The fun thing is that Intel has a whole stable of 10nm chip designs (which include features like PCIE 4) completely ready to go. Problems with manufacturing yield have prevented them from releasing much of it, other than the aforementioned small-die low core count products, which are easier to get acceptable yield on than larger parts.

Management didn’t want to throw in the towel and backport new tech from these designs (like PCIe 4) to 14nm, so they’ve made progress the last few years only by incremental tweaking of the 14nm process (hence “14+++”) and the Skylake architecture.

ItBreathes posted:

Look into your heart.

I don't even think there are machines in the US capable of making the boards.

There definitely are. Anybody anywhere on the globe can order up the relevant machines and robots, they aren’t anywhere near as expensive as chip fab equipment.

What China has a lock on is high volume manufacturing. Low volume is alive and well in the US. Defense, medical, and very high tech have all had reasons to not fully offshore PCB manufacturing and assembly.

Corb3t
Jun 7, 2003

prom candy posted:

Wait i just bought this thing https://www.hypershop.com/collectio...=18028810141758

Is it not going to work properly with my 16"?

It will work but I'd get something from Anker over HyperDrive, and I personally prefer a hub that has a cable so my USB C ports aren't being stressed by the weight of a bunch of cables.

prom candy
Dec 16, 2005

Only I may dance
I got international shipping, at this point it's gonna cost me like $25 just to return it so if it works and it doesn't appear to be pulling on the ports I'll just have to live with it.

grahm
Oct 17, 2005
taxes :(
Idk about anyone else but I'm feeling pretty salty recently re: Apple https://daringfireball.net/2019/11/cook_trump_campaign_ad

What's the point of being the world's most profitable company if you'll shill for whichever dictator gives you an extra dollar? I cancelled my 16" MBP for now, although idk if there are really any ethical tech companies (please let me know if there are). At least a company like Google is not pretending to be the world's friendliest good boy — I know what I'm buying into when I buy it. Maybe the best move is to buy used?

prom candy
Dec 16, 2005

Only I may dance
They've been making them with sweatshop labour for years so I don't see why appearing with orange man would be over the line. You're gonna have a hell of a time ethically sourcing consumer electronics.

grahm
Oct 17, 2005
taxes :(

prom candy posted:

You're gonna have a hell of a time ethically sourcing consumer electronics.

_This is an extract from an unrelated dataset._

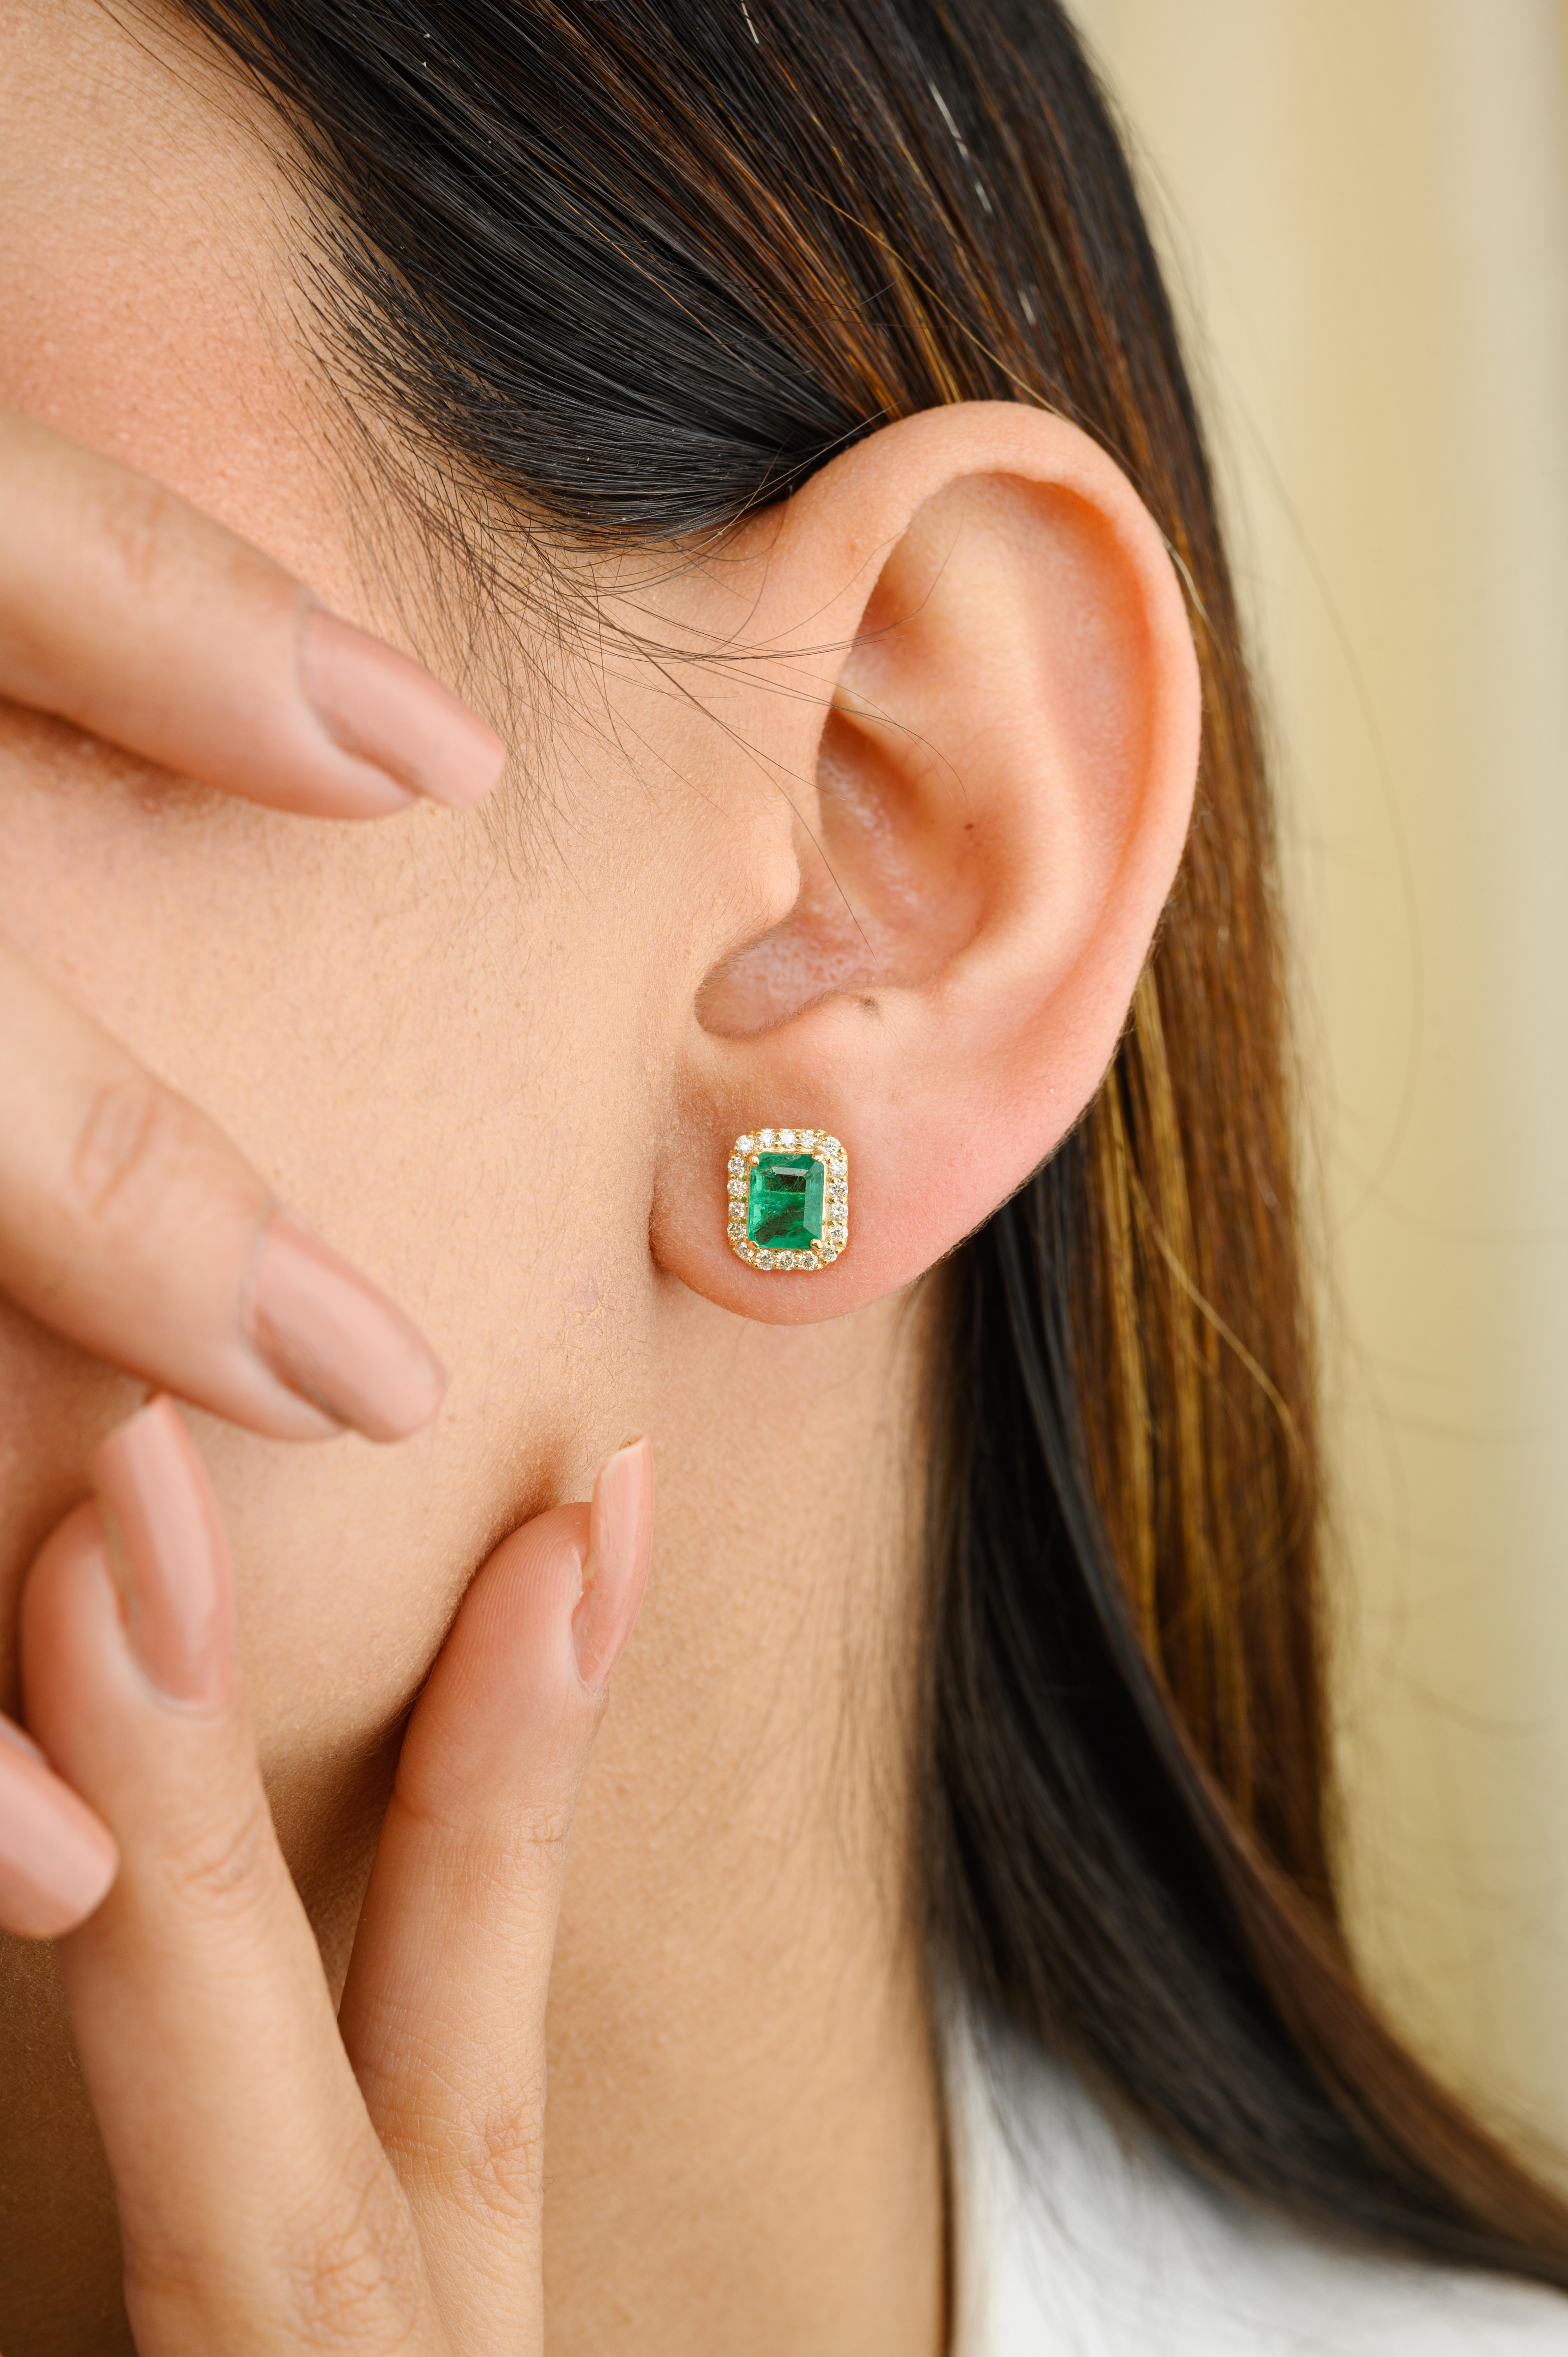 Grüne Smaragd-Diamant-Halo-Ohrstecker aus 18-karätigem Gold, um Ihren Look zu unterstreichen. Sie brauchen Ohrstecker, um mit Ihrem Look ein Statement zu setzen. Diese Ohrringe mit Smaragd im Achteckschliff und Diamanten im Rundschliff sorgen für

I agree with this but I don't buy the they're-already-bad-so-who-cares-if-now-they're-more-bad logic. That's how the real bad poo poo happens. I guess you're right though, as customers we should be putting pressure on even the basic reality of sweatshop labor. I'll admit willful naivety on my part for hoping Apple had some kind of ethical point of view, but I think the company is especially hypocritical and it makes me want to shop elsewhere. And I own literally only apple products 🤷‍♂️

squirrelzipper
Nov 2, 2011

grahm posted:

I agree with this but I don't buy the they're-already-bad-so-who-cares-if-now-they're-more-bad logic. That's how the real bad poo poo happens. I guess you're right though, as customers we should be putting pressure on even the basic reality of sweatshop labor. I'll admit willful naivety on my part for hoping Apple had some kind of ethical point of view, but I think the company is especially hypocritical and it makes me want to shop elsewhere. And I own literally only apple products 🤷‍♂️

The third most valuable company on the planet doesn’t have ethics. It has interests. You’re not going to find any ethical alternative.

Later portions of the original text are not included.